┏━━

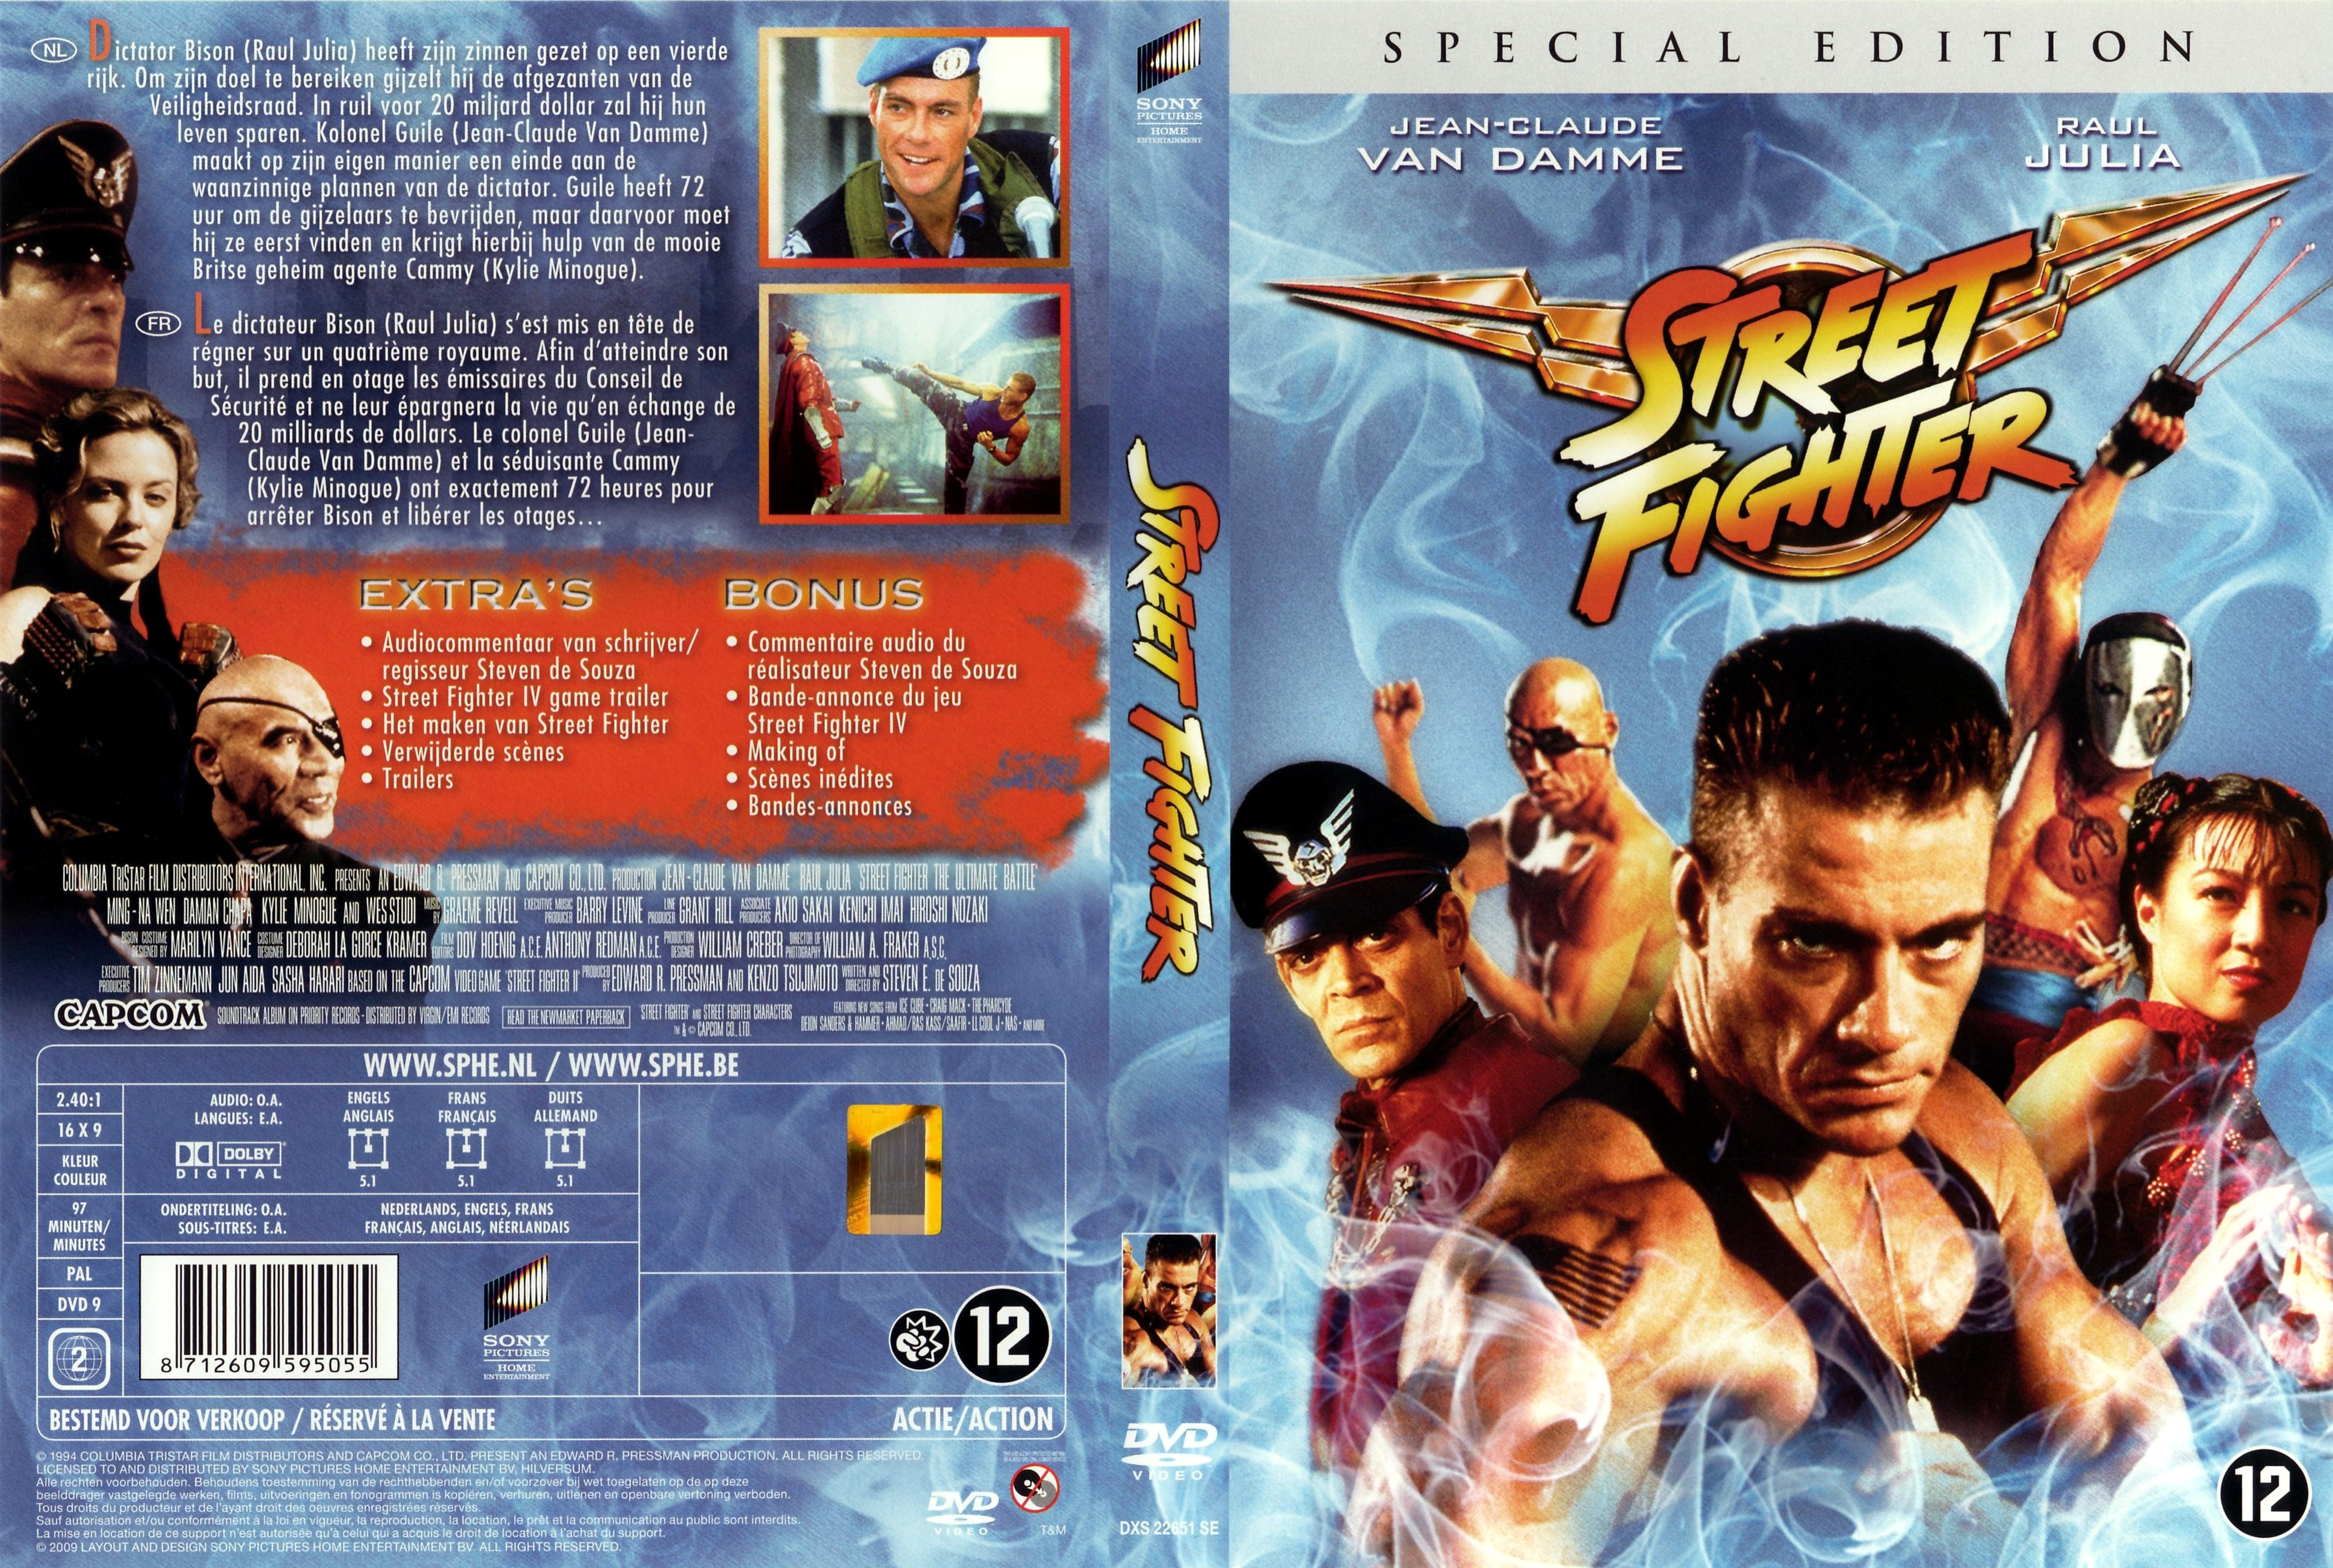 Jaquette DVD Street fighter v4
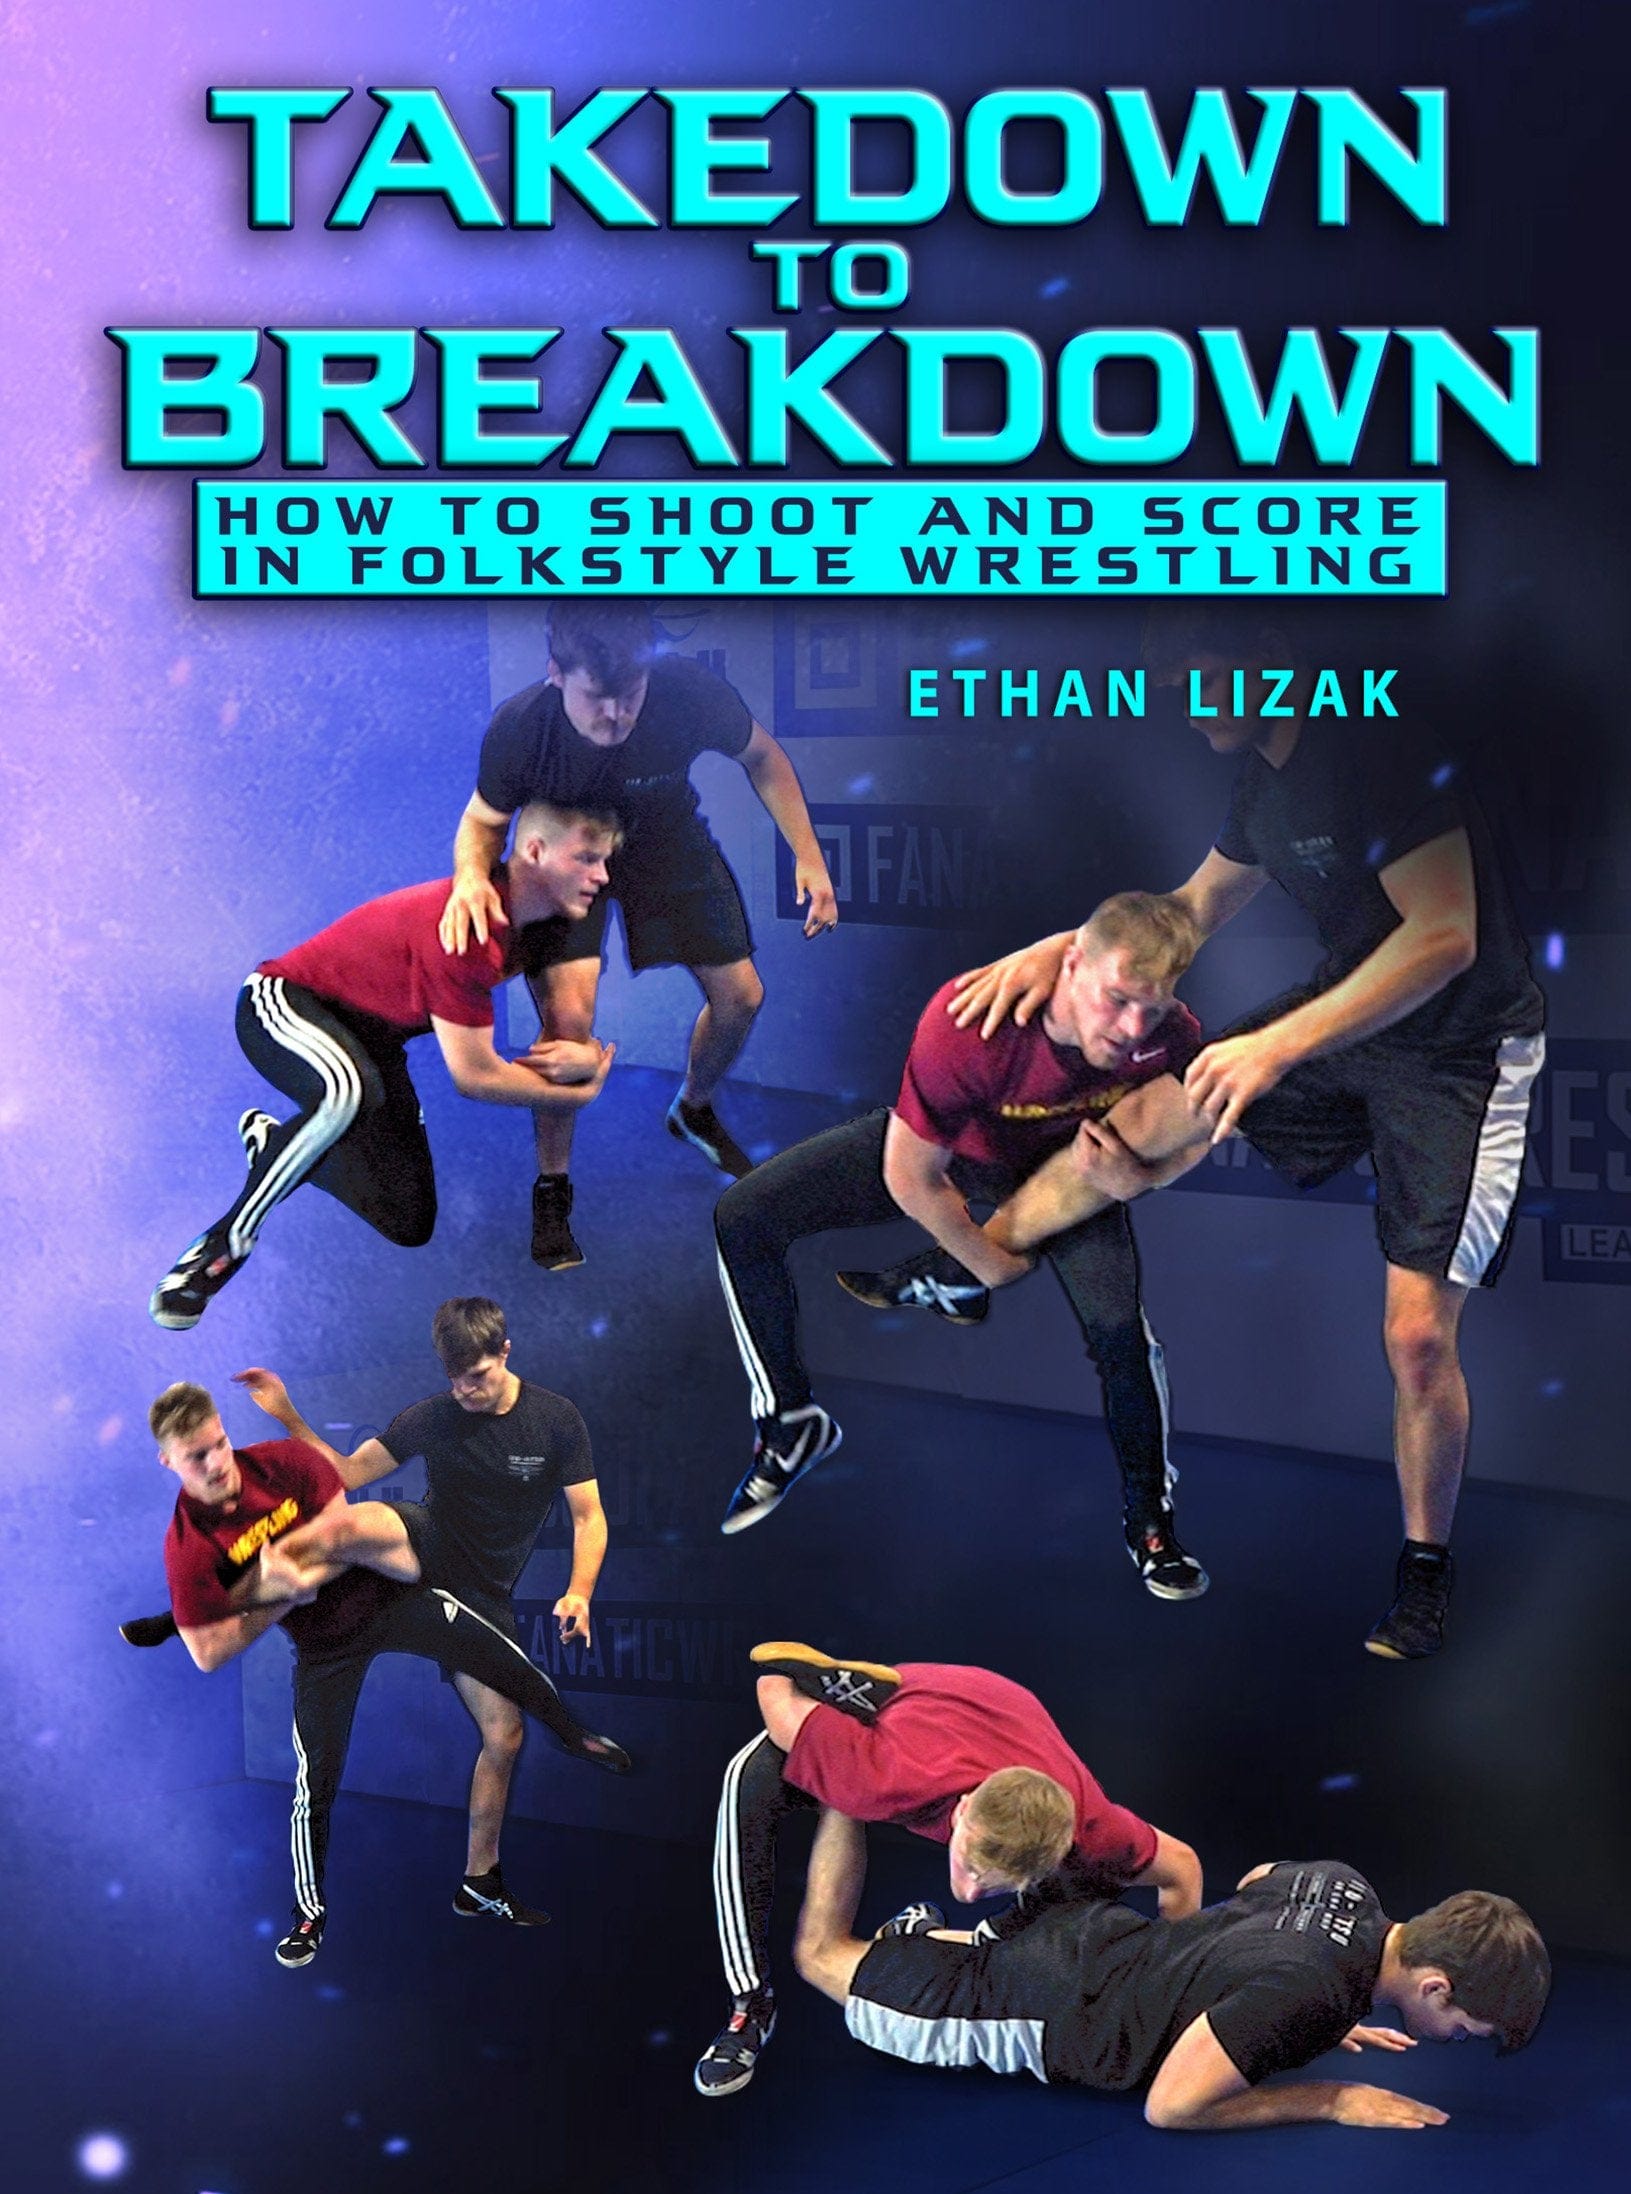 Takedown to Breakdown by Ethan Lizak - Fanatic Wrestling
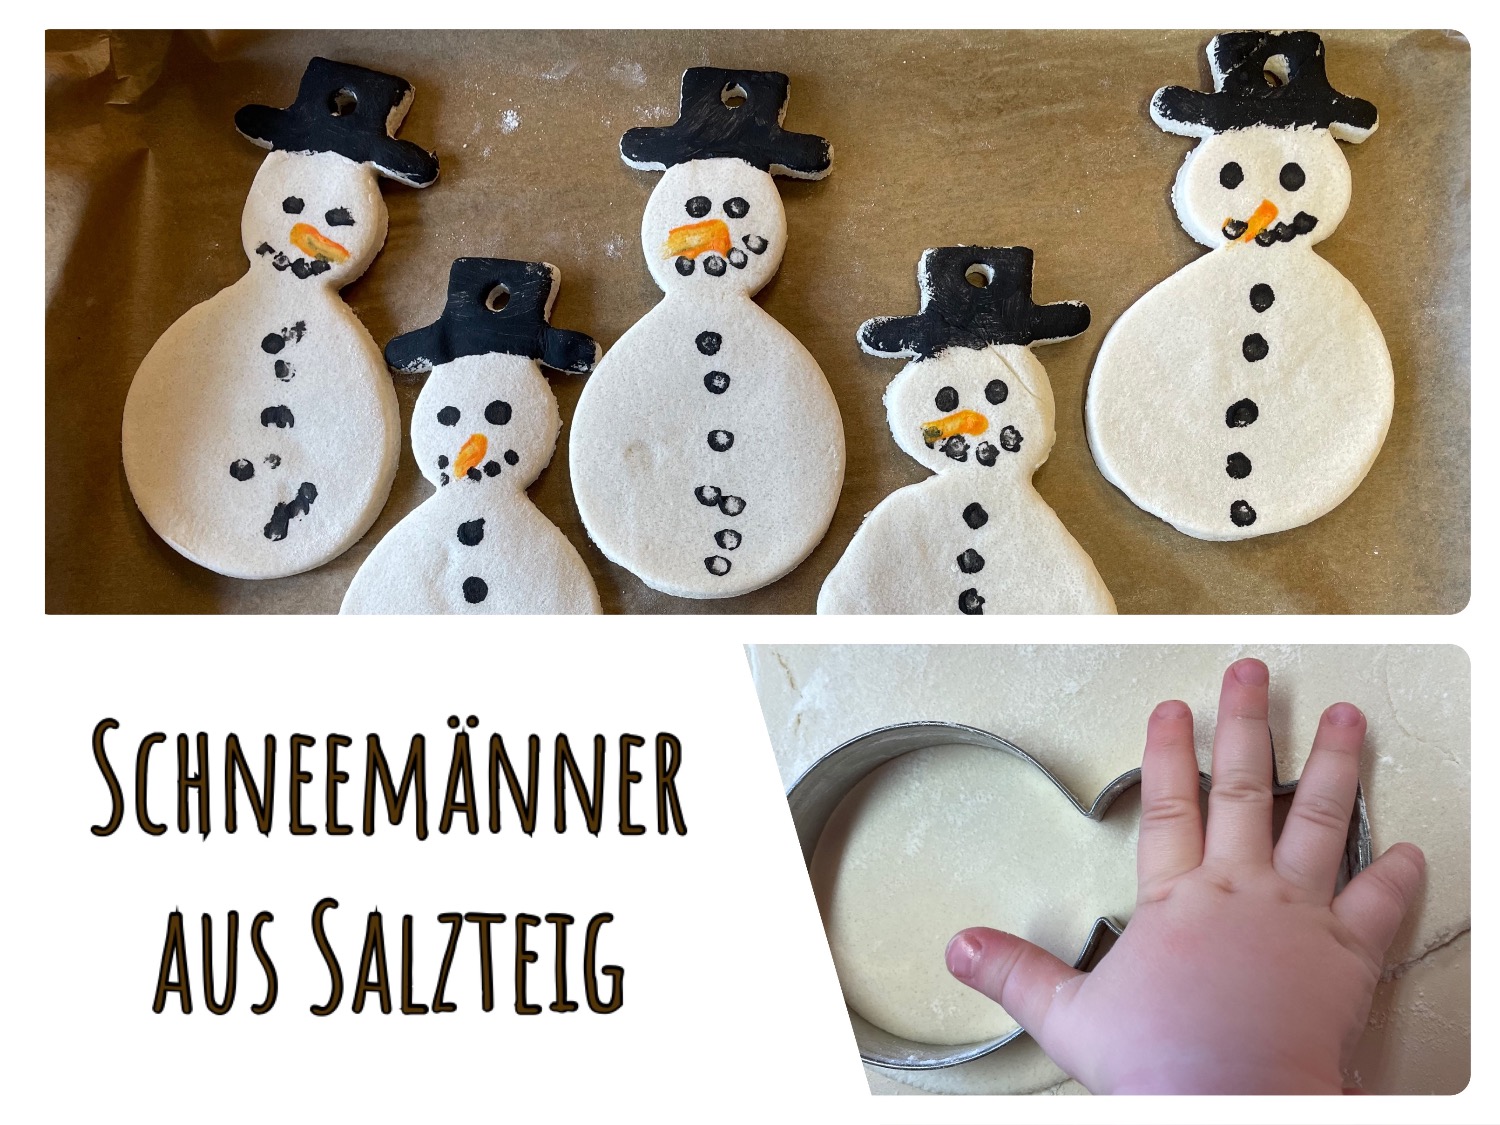 Titelbild zur Bastel- und DIY-Idee für Kinder '(601) Schneemänner aus Salzteig'

┗━━

Your assignment:
Retype the entire listing exactly as it appears, dropping only the pictures.

Result for this exercise:
 Jaquette DVD Street fighter v4
 Takedown to Breakdown by Ethan Lizak - Fanatic Wrestling
 Titelbild zur Bastel- und DIY-Idee für Kinder '(601) Schneemänner aus Salzteig'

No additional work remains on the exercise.